If you’re in the middle of NEET PG counselling and staring at “MD/DNB Anesthesia” on your screen, it’s very normal to hesitate.
- Is it a good branch?
- Is MD better than DNB? What about DA?
- What can I do after anesthesia—critical care, abroad, freelancing?
This blog takes you through anesthesia as a career—from the day you join residency to the day you retire, including critical care as a subspecialty. Think of it as the honest senior you wish you had on call right now.
1. MD vs DNB vs DA – Does the Degree Really Matter?
Once you get your NEET PG rank and decide on anesthesia, these are your main academic options:
- MD Anesthesia
- DNB Anesthesia
- DA (Diploma in Anesthesia) – now gradually being phased out in many places
The first doubt everyone has:
“If I don’t do MD, will it ruin my career?”
In anesthesia, your skill depends far more on exposure than on the letters after your name.
What actually matters?
Wherever you train—MD or DNB—check:
- Patient inflow:
Busy hospital, full OT lists, emergency load. - Variety of surgeries:
- General surgery
- Ortho
- Obs-Gyn
- Uro, Onco, etc.
- Super-speciality OTs:
- Neurosurgery
- Cardiac
- Pediatric
- Robotic surgery, etc.
If you’re regularly doing spinals, epidurals, blocks (landmark & ultrasound-guided), intubations, managing sick patients and complex OT lists, you’ll come out confident—whether it was MD or DNB.
Many DNB residents from high-volume corporate or big city hospitals are often more hands-on than MD residents from smaller places with low caseload. So don’t worship the degree; evaluate the institute and workload.
Where does DA fit in?
DA is a diploma, and in most branches, diplomas are being phased out. If you’re forced to choose DA because you’re not getting MD/DNB:
- Prefer DA + Secondary DNB
→ This combination is considered equivalent to MD in the job market. - DA alone will restrict you in the long run, especially for corporate jobs or teaching posts.
Bond vs No Bond
This changes state-wise and institute-wise, but broadly:
- MD (Government colleges): Usually has a PG bond (often 1–2 years, varies by state).
- DNB (Private/Corporate hospitals): Often no bond, which is a big plus—you can move on to SRship or private jobs earlier.
- DA: Usually comes with a state-defined bond. Secondary DNB typically does not have a bond.
After Residency: What Are Your Career Options?
Once you finish MD/DNB (and bond, if any), you stand at a huge crossroads. Some options:
1. Complete Your Bond
If you have a bond in a government hospital:
- You now work with more responsibility, more independence, and more complex cases.
- It’s a good phase to mature as an independent anesthetist.
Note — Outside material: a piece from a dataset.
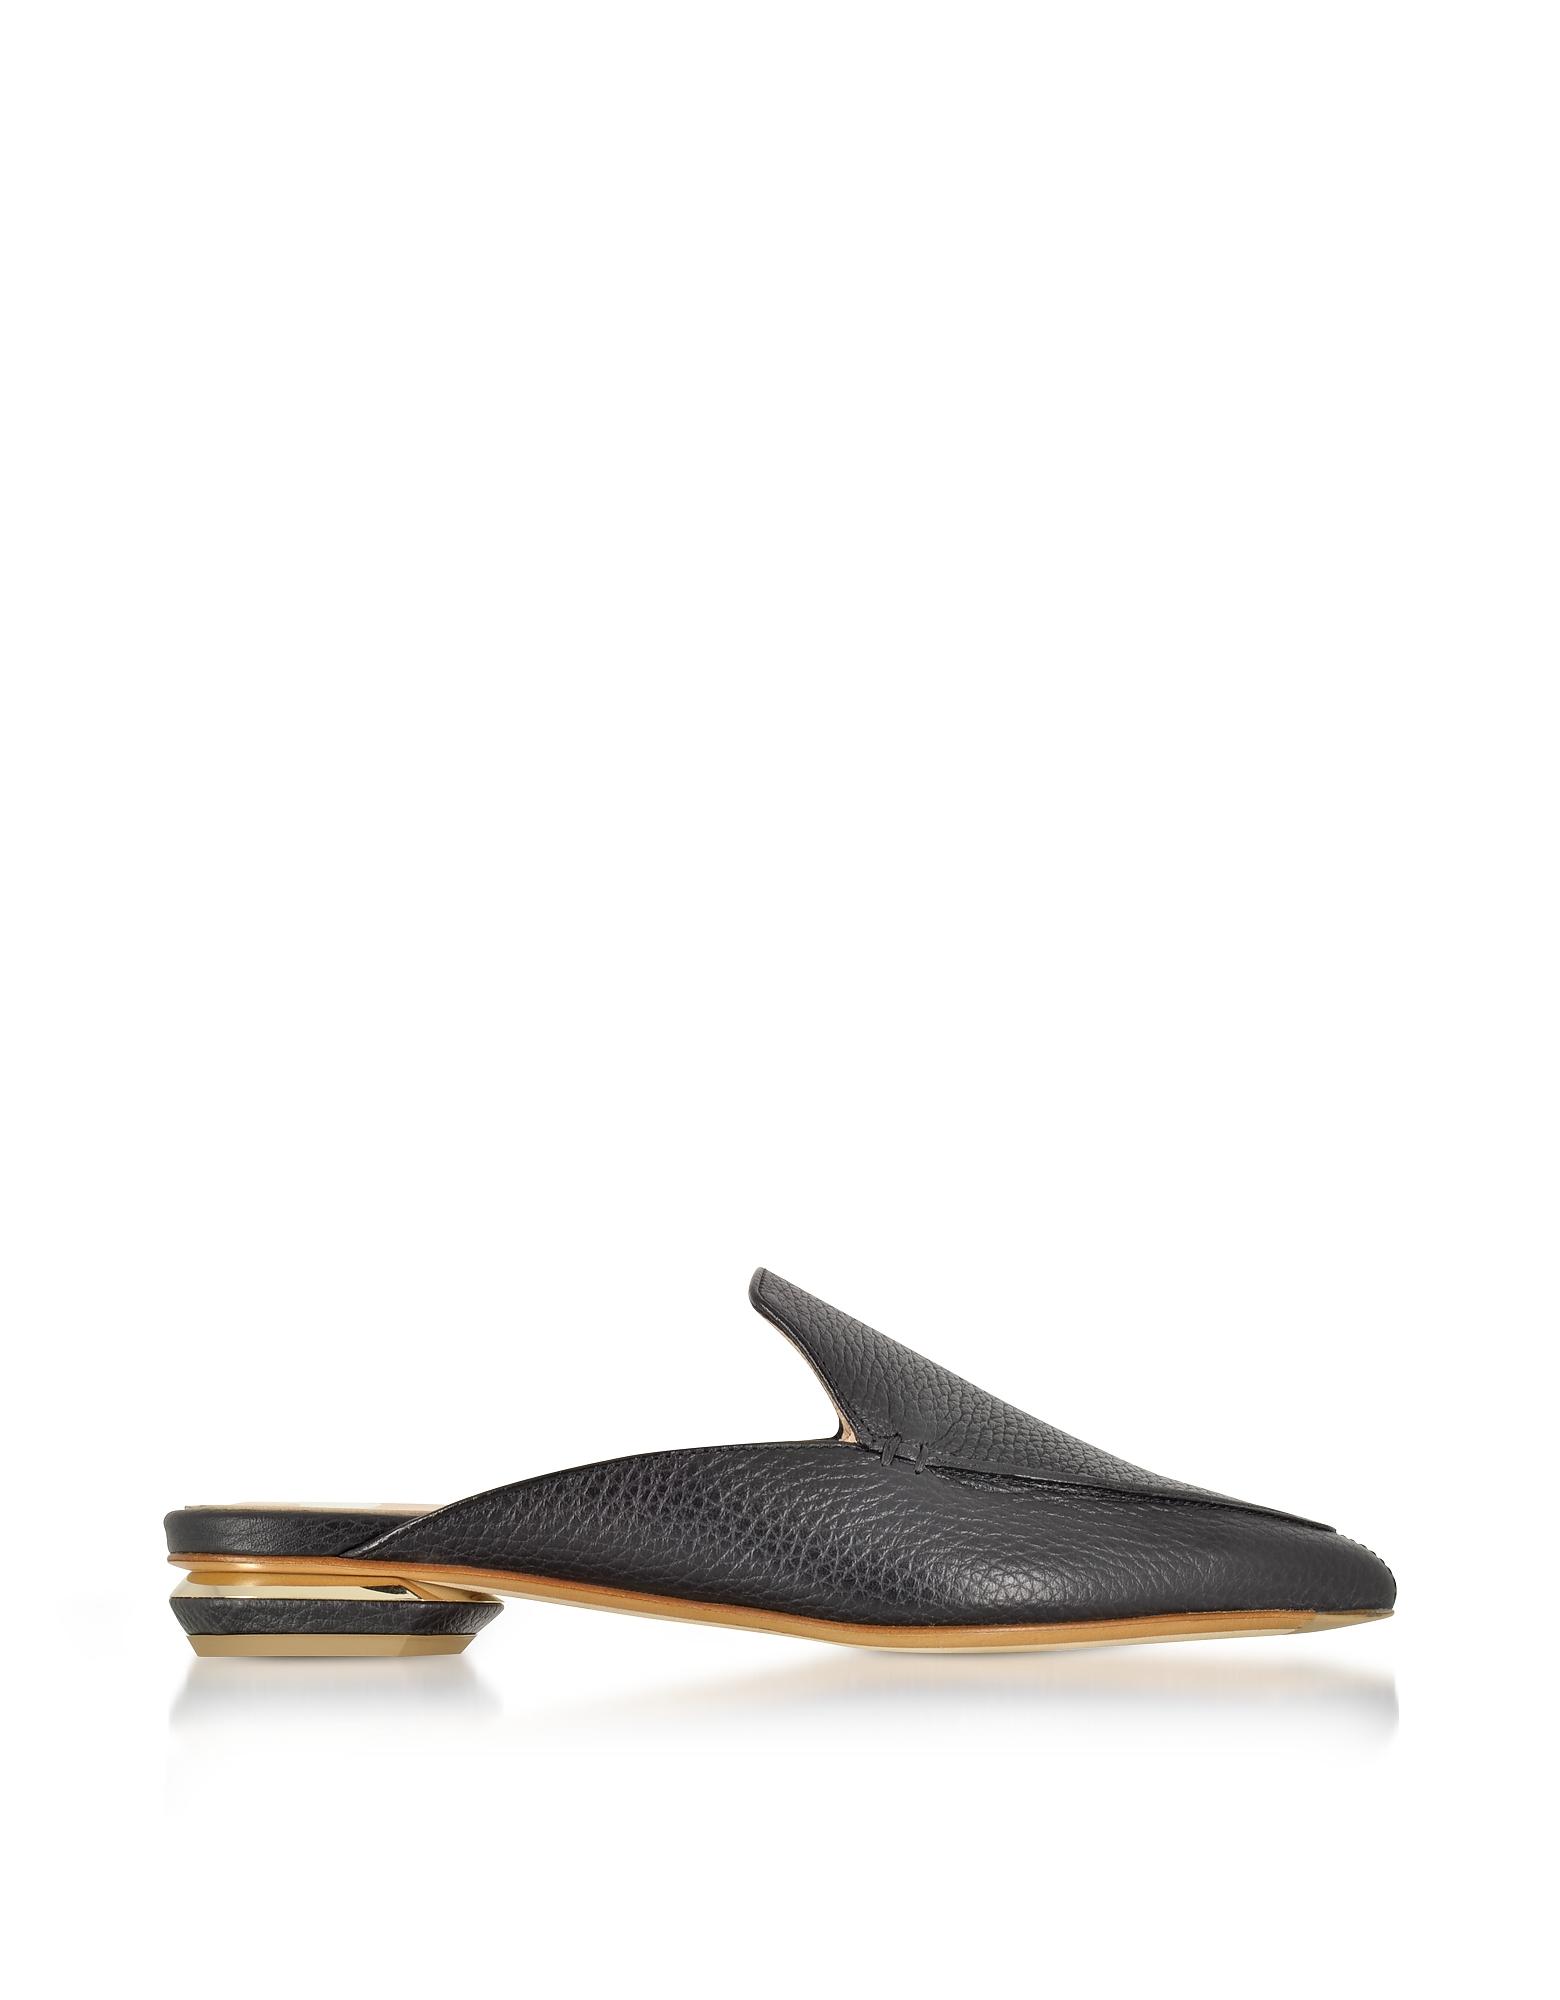 Nicholas Kirkwood Shoes, Beya Black Tumbled Leather Mules

2. SRship (Senior Residency)
If you don’t have a bond (often with DNB), a Senior Resident (SR) job is highly recommended.
Strategic tip:
Choose an SRship in a hospital that fills the gaps of your residency.
Example:
- If your residency was heavy on GA and onco cases, but weak in regional anesthesia and ortho →
Choose an SRship where you’ll get:- Spinals, epidurals, nerve blocks
- Peripheral blocks, regional techniques
You can genuinely “patch” your weaknesses in SRship.
3. Freelancing
You can also jump straight into freelancing:
- Buy basic equipment (laryngoscopes, tubes, drugs, etc.)
- Network with surgeons and smaller centres
- Start getting calls for elective and emergency cases
Your degree (MD/DNB) is enough to start; your skills and reliability determine how much work you get.
Is Anesthesia the Right Branch for You?
Choose anesthesia if:
- You love physiology, pharmacology, and acute care
- You’re okay being the quiet backbone rather than the poster face
- You stay reasonably calm in crises
- You value flexibility, a decent income, and the ability to adjust work around your life
- You’re okay with some nights, emergencies, and high-pressure moments
- You like the idea of multiple future pathways:
- OT practice
- Freelancing
- Critical care
- Pain
- Onco, neuro, cardiac, pediatric, and obstetric anesthesia
- India or abroad
I you are thinking of choosing anestheisa for superspeciality, don’t let myths scare you away. It’s a powerful, versatile branch with solid career security, flexible lifestyles, and deeply satisfying clinical work—even if you’re not always the one getting selfies and flowers from patients.